Residential and farm buildings are on meter-high, artificially piled hills, the terps, in order to be protected from storm surges . Since the flood of 1962 , all houses have received a storm- flood- proof shelter on the upper floor - the reinforced concrete construction is new, historically the Frisian houses were built in timber frame frameworks and covered with thatch. Some Halligen, for example Hooge are of a summer dike surrounded, in others the coast is fascines and stone layers protected .

A total of around 230 people live on the Halligen. Today they get their income mainly from tourism , especially day tourism. The agriculture mainly includes livestock from grazing on the fertile, often flooded salt marsh on behalf of farmers who live on the mainland. Since the Halligen have an important function in coastal protection as a breakwater in front of the mainland, part of the population is employed by the Office for Rural Areas as coastal protection workers.
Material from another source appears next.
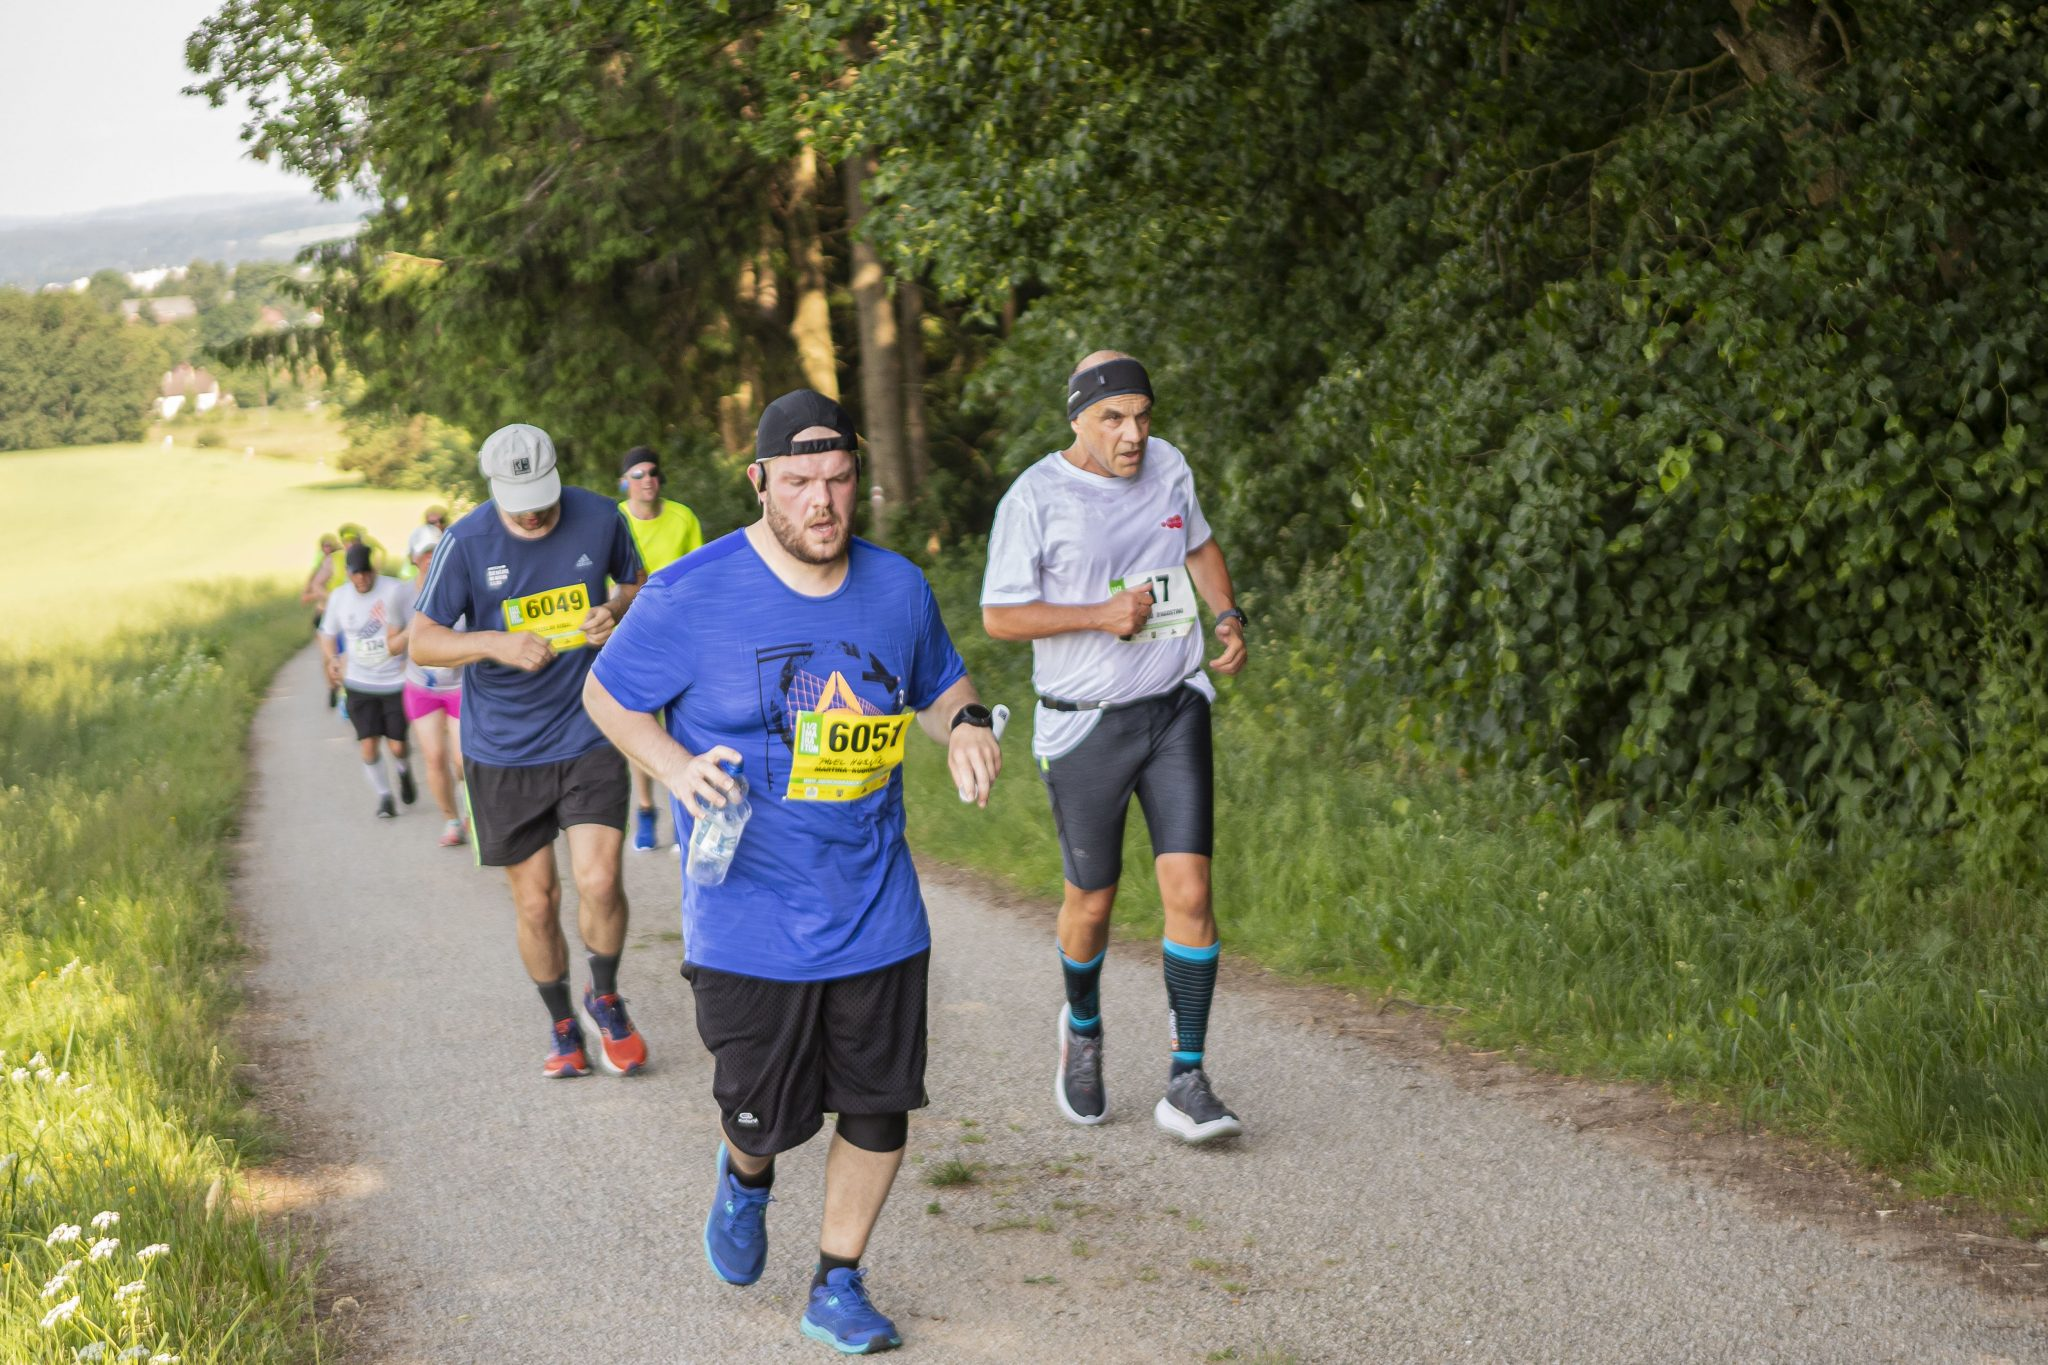 Jindřichohradecký půlmaraton - Tecnocap hrdý sponzor

On Hooge, Langeneß, Oland, Nordstrandischmoor and Gröde there are small churches and cemeteries next to them. The smallest schools in Germany are maintained for school-age children: In 2011/2012 three children were taught by one teacher on Hooge.

fauna and Flora

Since the majority of the Halligen is flooded several times a year, only plants that can withstand salt water thrive there . The Hallig Lilac blossom in midsummer is known. Sea beach plantain , which was harvested and cooked ("south"), is rarely found today. Trees only grow on the terps. In the bank area, the brackish water- bearing thatch grows , which has been used as a domestic building material for centuries to cover the houses and characterizes the landscape.

During the migration period , the Halligen are populated with brent geese . In order to promote their protection, NABU , Schutzstation Wattenmeer, WWF and National Park Service have been organizing the Ringed Goose Days on Hooge since 1998 and since 2001 on all inhabited Halligen . The farmers receive compensation for the not inconsiderable loss of one kilogram of grass per goose per day.

List of Halligen

German Halligen

The ten German Halligen all belong to the district of North Friesland . The population figures come from different times.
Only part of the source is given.